+++ /dev/null
-The wrapper crate and C/C++ Headers in this folder are auto-generated from the Rust-Lightning
-source by the c-bindings-gen crate contained in the source tree and
-[cbindgen](https://github.com/eqrion/cbindgen). They are intended to be used as a base for building
-language-specific bindings, and are thus incredibly low-level and may be difficult to work with
-directly.
-
-In other words, if you're reading this, you're either writing bindings for a new language, or
-you're in the wrong place - individual language bindings should come with their own documentation.
-
-LDK C Bindings
-==============
-
-The C bindings available at include/lightning.h require inclusion of include/rust_types.h first.
-
-All of the Rust-Lightning types are mapped into C equivalents which take a few forms, with the C
-type getting an `LDK` prefix to their native Rust type names.
-
-#### Structs
-Structs are mapped into a simple wrapper containing a pointer to the native Rust-Lightning object
-and a flag to indicate whether the object is owned or only a reference.

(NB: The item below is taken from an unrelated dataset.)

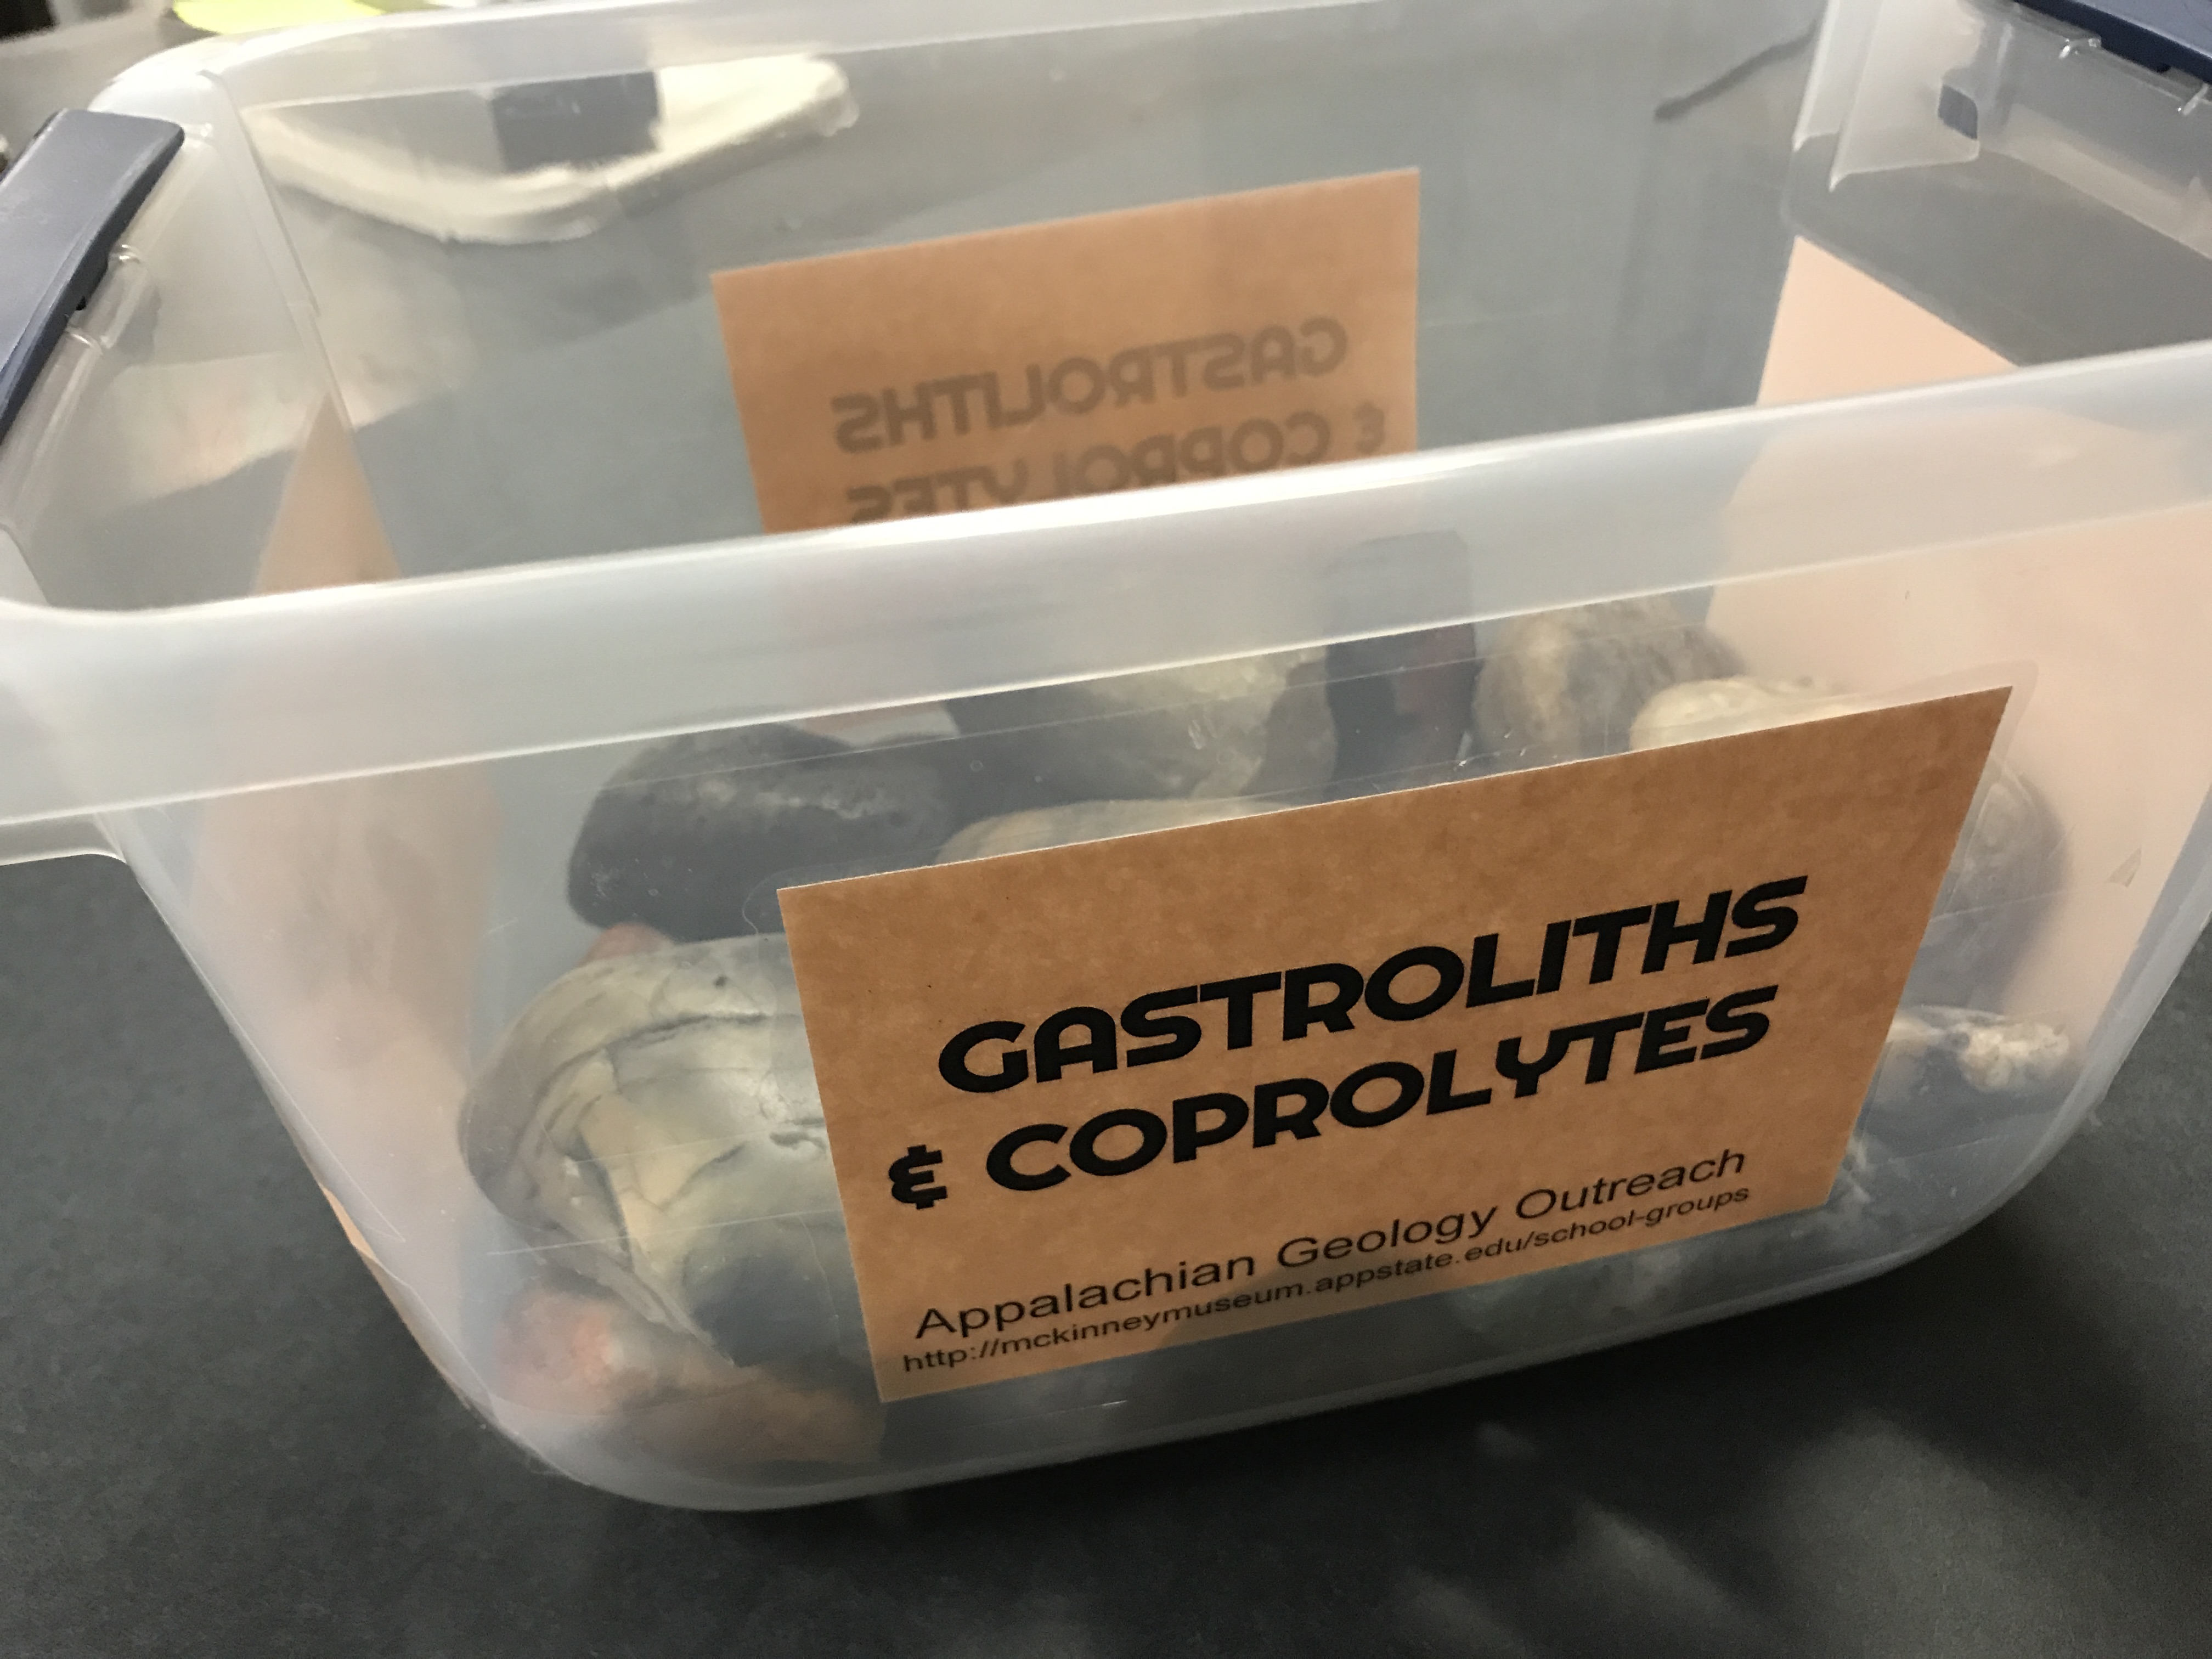 Gastroliths and Coprolites Box

Such mappings usually
-generate a `X_free` function which must be called to release the allocated resources. Note that
-calling `X_free` will do nothing if the underlying pointer is NULL or if the `is_owned` flag is not
-set.
-
-You MUST NOT create such wrapper structs manually, relying instead on constructors which have been
-mapped from equivalent Rust constructors.
-
-Note that, thanks to the is-owned flag and the pointer being NULLable, such structs effectively
-represent `RustType`, `&RustType`, and `Option<RustType>`. Check the corresponding Rust
-documentation for the function or struct you are using to ensure you use the correct call semantics.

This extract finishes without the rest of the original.